Mechanistic Study of the Rhodium‐Catalyzed [3+2+2] Carbocyclization of Alkenylidenecyclopropanes with Alkynes

Abstract

A systematic theoretical study has been performed on the recently reported Rh(I)-catalyzed [3+2+2] carbocyclization reactions between alkenylidenecyclopropanes (ACPs) and alkynes. With the aid of theoretical calculations, two possible mechanisms, that is, alkene-carbometalation-first and alkyne-carbometalation-first mechanisms, are examined in this study. In the oxidative addition step, the possibility of reaction on either the distal or proximal C-C bond of the cyclopropane group has been evaluated. The calculations indicate that the alkene-activation-first mechanism is more favored for the overall catalytic cycle. This mechanism involves four steps, that is, oxidative addition of the distal (rather than the proximal) C-C bond of cyclopropane group, alkene carbometalation, alkyne carbometalation, and reductive elimination.

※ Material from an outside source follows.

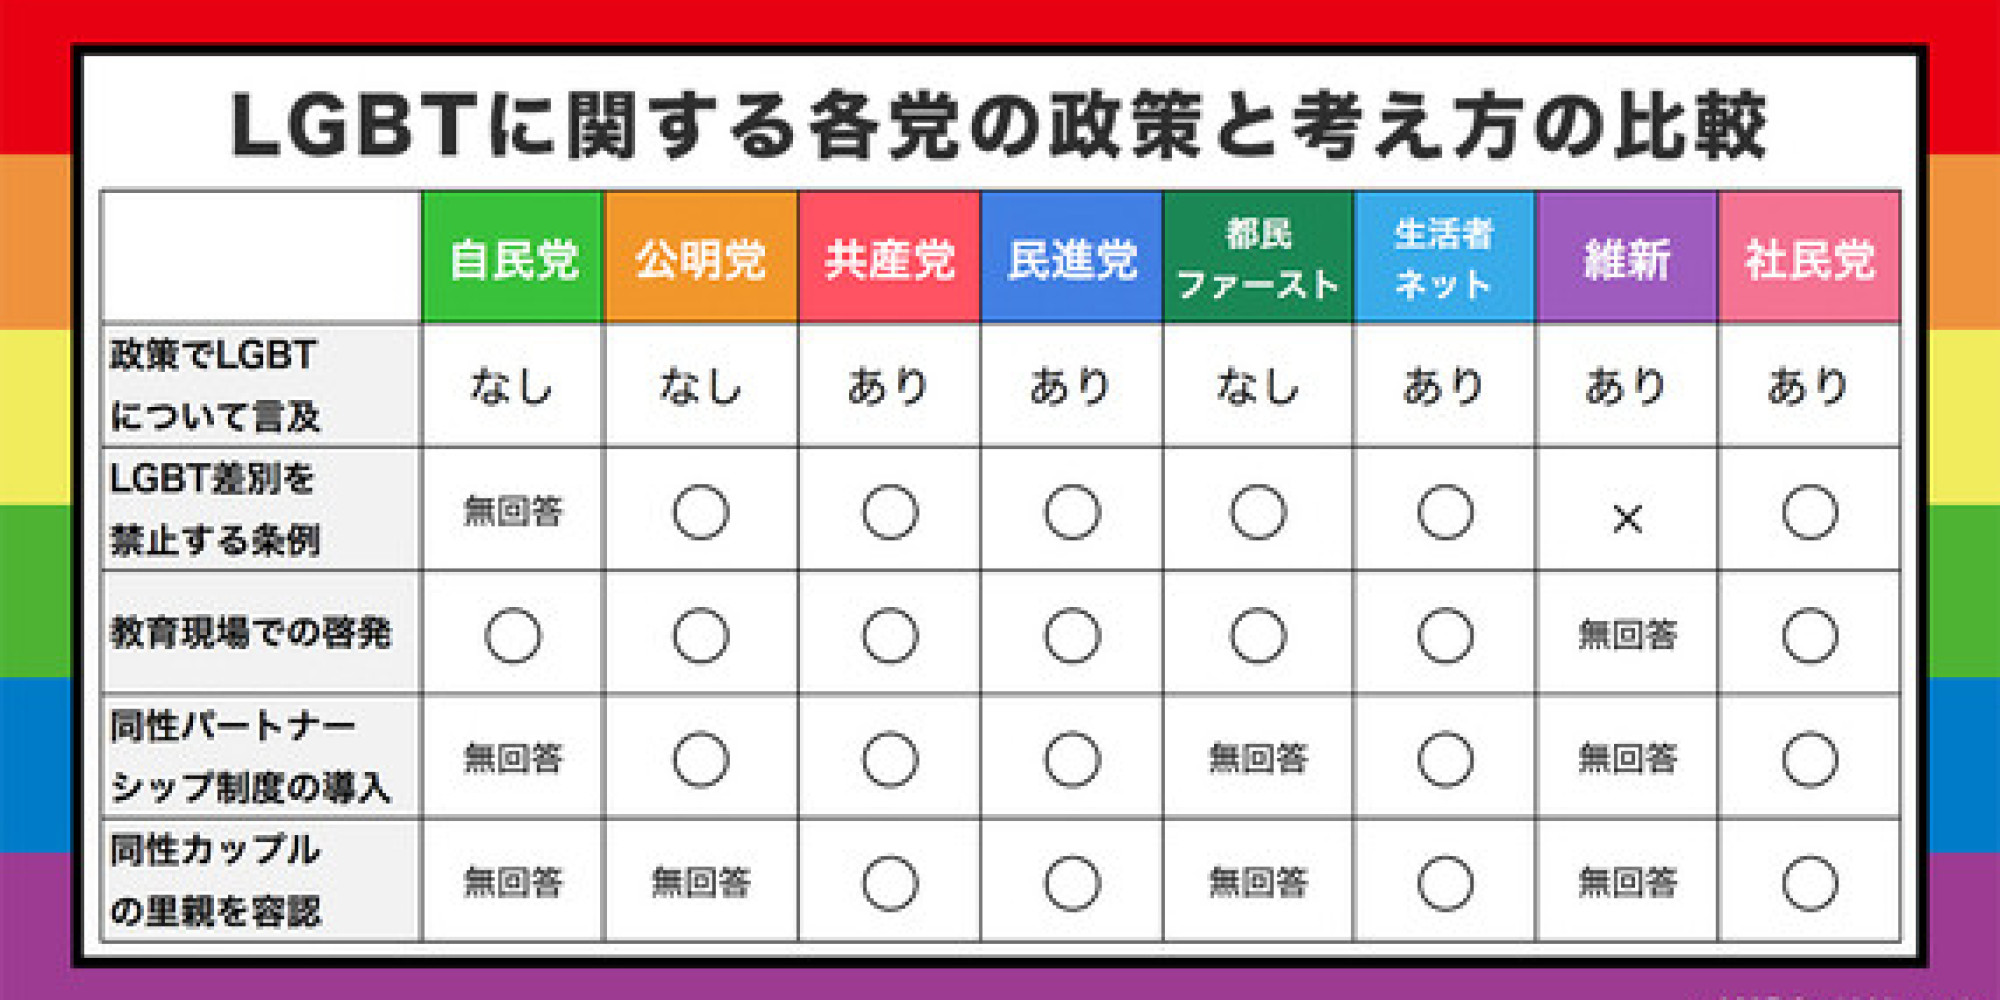 【東京都議選】LGBTの政策について各党にアンケートをとって比べてみた

The rate-determining step in the overall catalytic cycle is the carbometalation of the alkyne (i.e., the alkyne-insertion step) and this step also determines the regioselectivity. Finally, the origin of the regioselectivity is determined by the steric effect (i.e., the steric crowding between the electron-withdrawing group on alkyne and other ligands on the rhodium center) in the alkyne-insertion step.